Overview

Automatic creation of minutes of meetings using OpenAI’s Whisper API and Google Cloud Speech-to-Text API.

Business Challenge

In a multinational organization like SHIFT ASIA, where staff is from different countries, we often communicate using languages other than our native languages, such as Vietnamese, Japanese, and English. Therefore, miscommunication between multinational members may become a major issue at offshore development companies like SHIFT ASIA and various companies and organizations.

Our solution

The recent advanced development of AI has opened new opportunities and possibilities. By applying AI, we could develop an automatic tool that can create highly accurate minutes of meetings in order to reduce miscommunication in conversations to a certain extent.

Specific initiatives

Using Whisper API and Google Cloud Speech-to-Text API, we built our own automatic minutes generation system on a trial basis. The content of meetings held by multiple people is recorded, and minutes are automatically generated as text data based on the content.
By comparing the output of Whisper API and Google Cloud Speech-to-Text API, we compared the characteristics and accuracy of each model.
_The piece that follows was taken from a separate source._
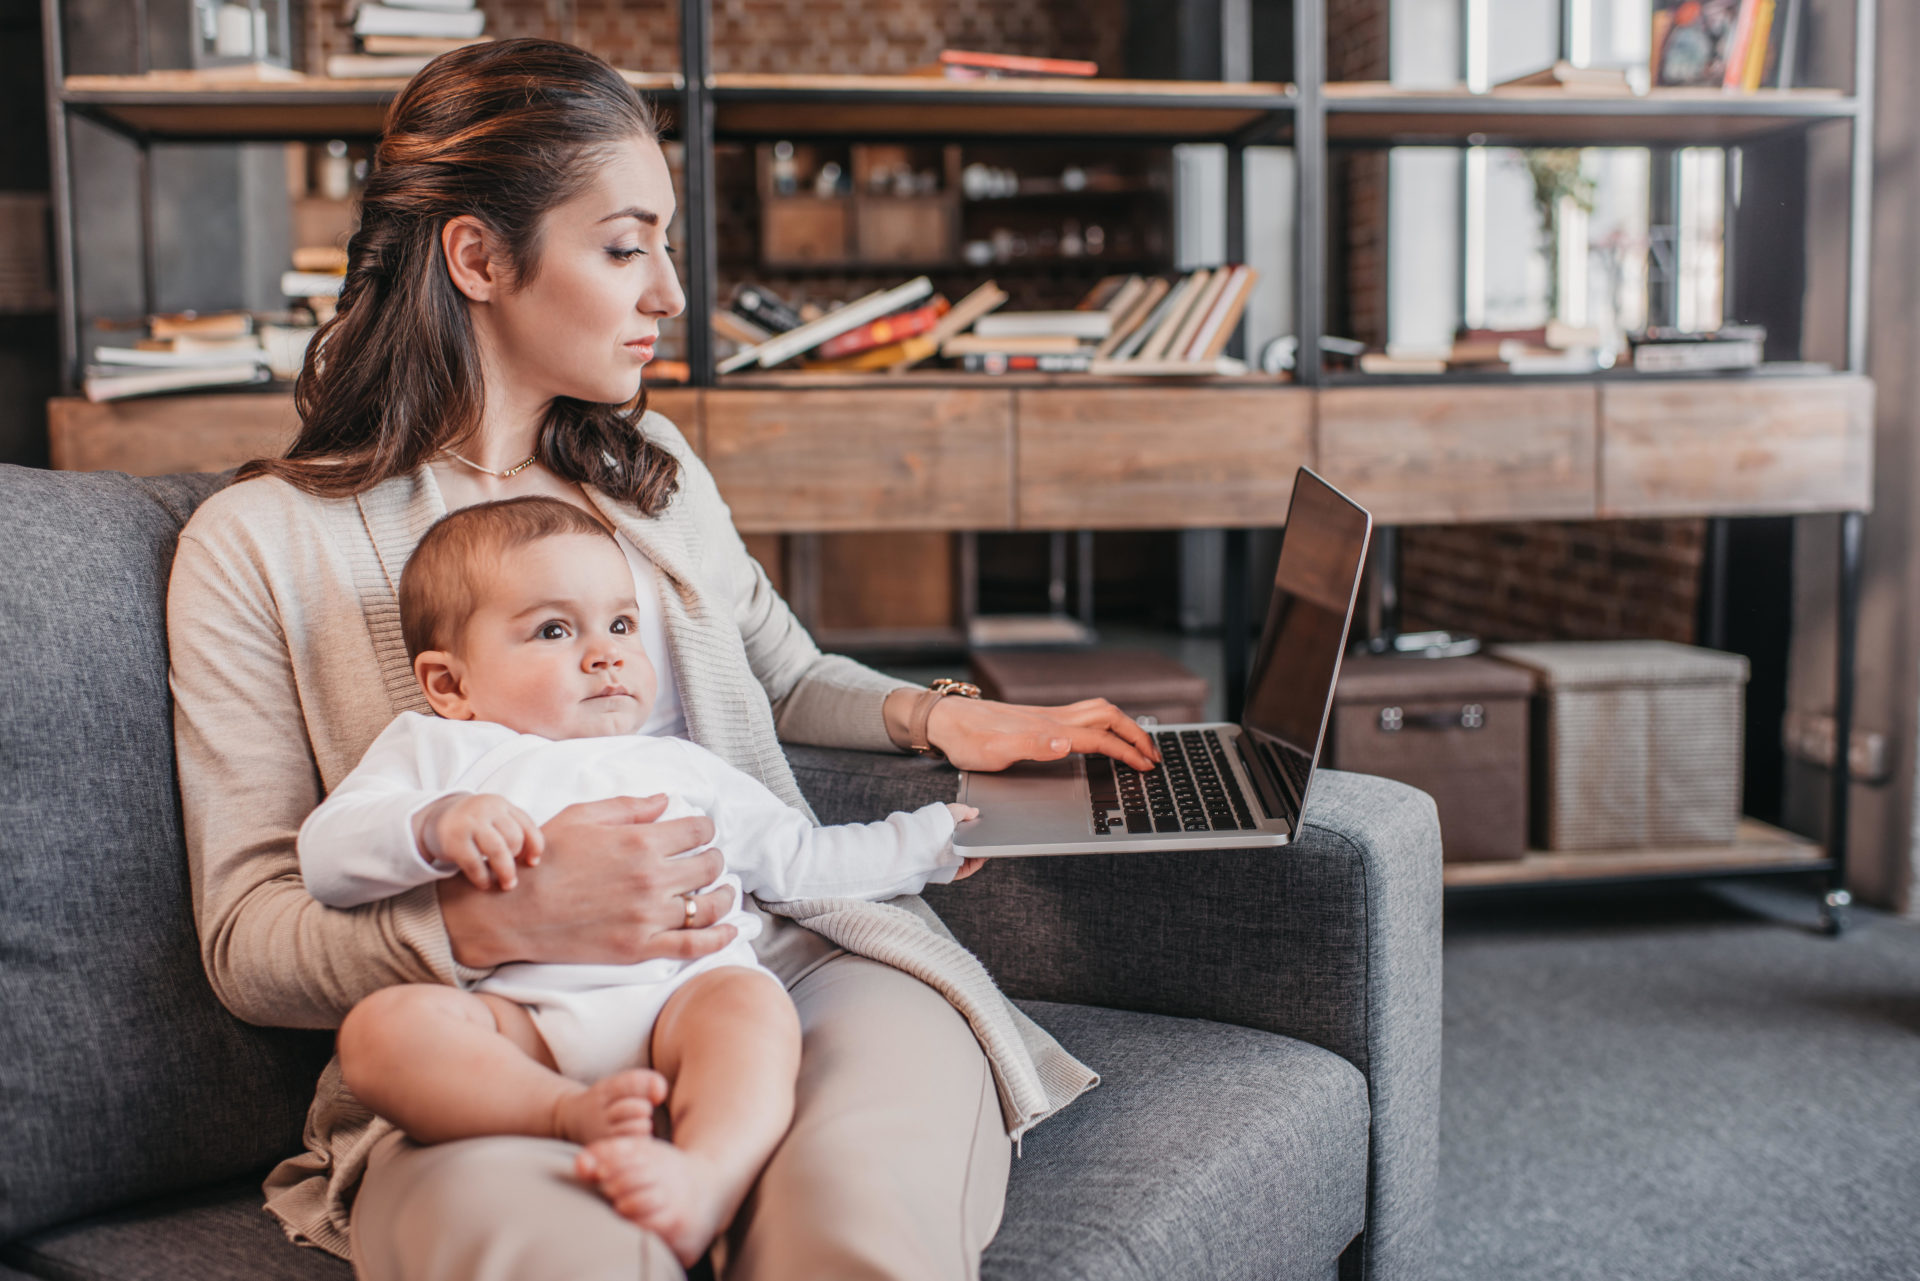 A busy woman working on her laptop while holding her baby in her lap. Image: LightField Studios Inc. / Alamy Stock Photo

Research results and future prospects

At present, the output accuracy of both the Whisper API and the Google Cloud Speech-to-Text API is not high enough to be used for minutes of public meetings.

There are clear differences in automatic language detection and speaker dialect between Whisper API and Google Cloud Speech-to-Text API. We found that the existing main speech recognition models, Whisper API and Google Cloud Speech-to-Text API, still have a long way to go to automatically generate meeting minutes from conversations with multiple voices with high accuracy.

However, it is possible to generate simple memos, and it is at a sufficiently useful level to be used as a reference document and subsequently update the minutes manually or with the generation AI.

In order to generate official sentences, it is still necessary to improve accuracy through improvements in technical capabilities and system customization, but SHIFT ASIA can transcribe audio data with high precision and use that text data to create even more sophisticated transcriptions. We will continue to research and develop AI transcription using speech recognition models to enable comprehensive analysis.